Result: Inventory costs down 60%, stockouts down 40%, margins up 15%.

Decision 3: How to Price Services (Pula, Multiple Countries)

Situation: Pula provides agricultural insurance. Needed to price products that were both affordable and sustainable.

Data they collected:

  • Historical crop yield data.
  • Weather patterns.
  • Farmer income levels.
  • Willingness-to-pay surveys.
  • Claim rates in pilot programmes.
  • Administrative costs.

Analysis:

  • Modelled risk levels by region and crop.
  • Calculated break-even pricing.
  • Tested price sensitivity with customer data.
  • Identified optimal price points by segment.

Decision: Tiered pricing by risk level, bundled with inputs to increase affordability, dynamic pricing based on weather forecasts.

Result: Pricing that’s both affordable for farmers and sustainable for Pula.

Your Data Action Plan

Ready to become data-driven? Here’s your roadmap:

Week 1: Identify Your Critical Metrics

Choose 5-10 metrics that matter most:

  • 2-3 financial health metrics.
  • 2-3 operational efficiency metrics.
  • 2-3 customer behaviour metrics.
  • 1-2 impact metrics.

Write down for each:

  • What it measures.
  • Why it matters.
  • How you’ll calculate it.
  • How often you’ll check it.
  • What number triggers action.

Week 2: Build Simple Tracking Systems

Start with what you have:

  • Create Google Sheet templates.
  • Set up mobile forms if needed.
  • Establish data collection protocols.
  • Assign responsibilities.
  • Test with one week of data.

Week 3: Establish Review Rituals

Create rhythms:

  • Weekly team data review meeting.
  • Monthly deep-dive analysis.
  • Quarterly strategic review.
  • Share dashboards with team.

Week 4: Make Your First Data-Driven Decision

Pick one decision you need to make:

  • Look at relevant data.
  • Analyze objectively.
  • Choose based on evidence.
  • Implement.
  • Monitor results.

Ongoing: Build the Habit

Reinforce data culture:

  • Celebrate data-driven wins.
  • Share learnings from data.
  • Train team on data skills.
  • Improve data quality continuously.
  • Expand tracking as you grow.

The Truth About Data in Resource-Constrained Enterprises

Data doesn’t need to be sophisticated to be useful. It needs to be relevant, accurate, and actually used.

The enterprises that succeed aren’t those with the fanciest analytics.
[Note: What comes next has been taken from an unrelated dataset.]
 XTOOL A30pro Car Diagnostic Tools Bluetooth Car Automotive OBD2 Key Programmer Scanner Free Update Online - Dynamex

They’re the ones that:

  • Track the right metrics consistently.
  • Use simple tools they can maintain.
  • Make decisions based on evidence, not opinions.
  • Build data into their culture and rituals.
  • Focus on action, not perfect analysis.

So stop waiting for:

  • More resources to invest in data systems.
  • Data scientists to hire.
  • Perfect data quality.
  • Sophisticated analytics tools.
  • Complete certainty before making decisions.

Start now with:

  • Spreadsheets and mobile forms.
  • The metrics that drive your business.
  • Weekly reviews that inform decisions.
  • Experiments that test assumptions.
  • Learning from data you already have.

Every day you operate without data is a day you’re making expensive decisions blind.
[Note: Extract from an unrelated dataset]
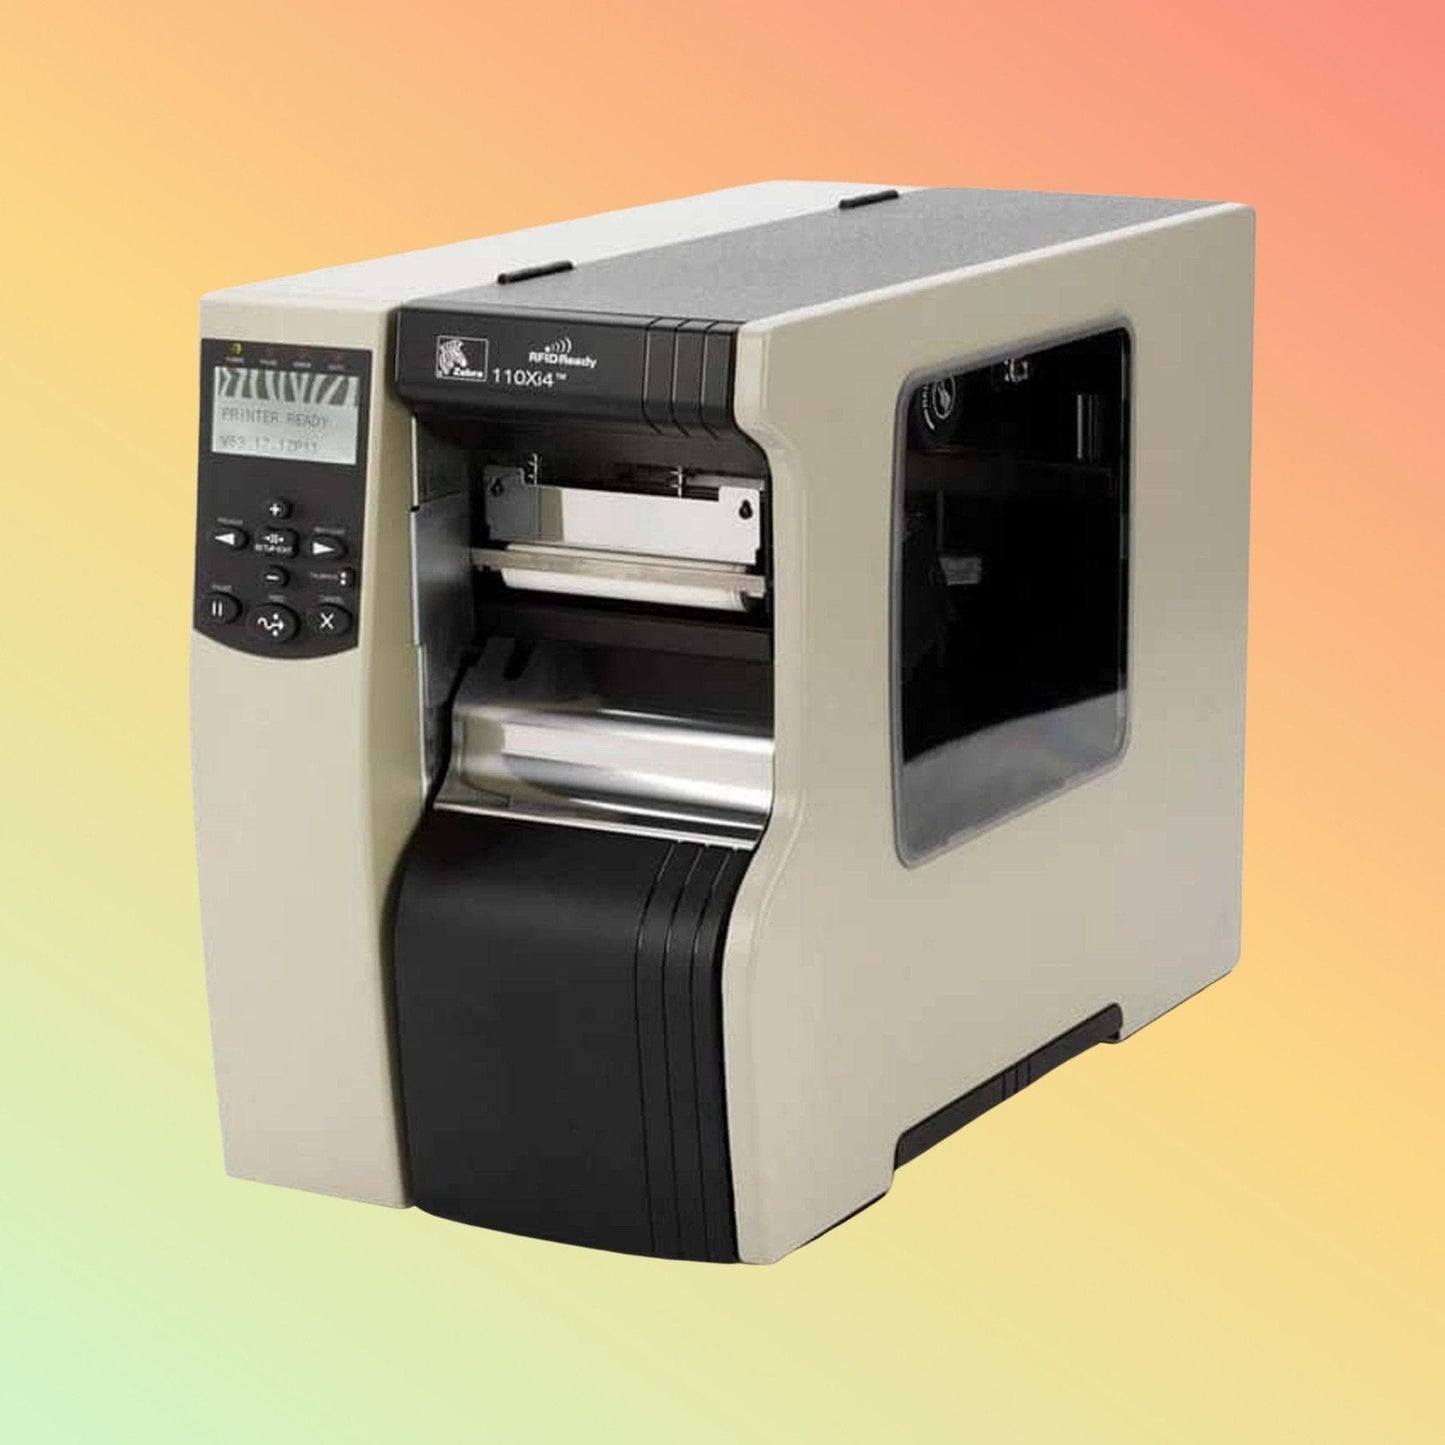 Barcode Printer - Zebra 110Xi4 - Neotech

Build your data muscle. Start simple. Use what you learn. Get better over time.

Your mission deserves evidence-based decisions, not gut-feel gambles.

The One Question That Changes Everything

Before making your next major decision, ask:

“What data would help me make this decision better — and can I get that data in the next week?”
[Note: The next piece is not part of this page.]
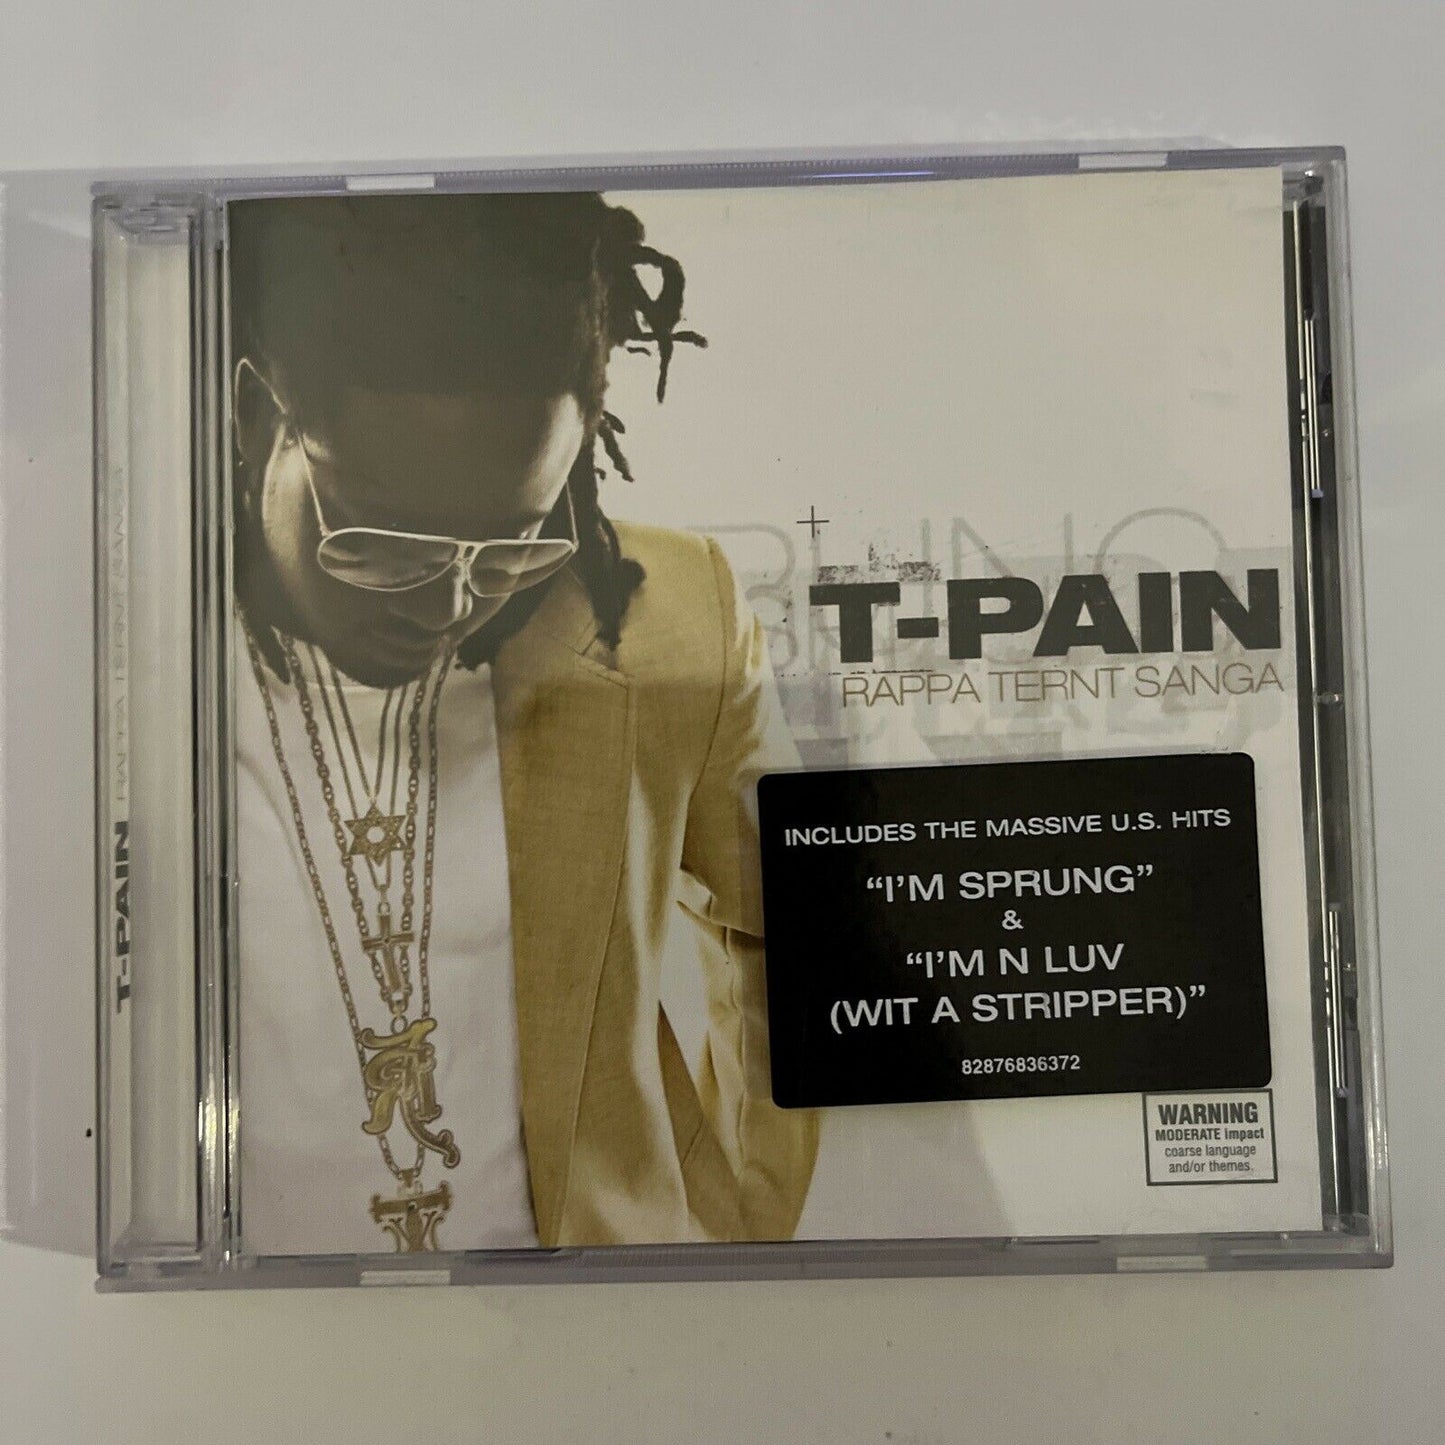 Rappa Ternt Sanga by T-Pain (CD, 2005) Album

If yes, get the data. Then decide.

If no, make the best decision with available data, but commit to collecting better data going forward.

Never let lack of data be an excuse for indefinite delays. But never let lack of data be an excuse for preventably bad decisions either.

Use data to decide better, faster, with less waste.

That’s the competitive advantage hiding in your spreadsheets.

What’s the one decision you’re facing right now? What data would help you make it better? And what’s stopping you from collecting that data this week?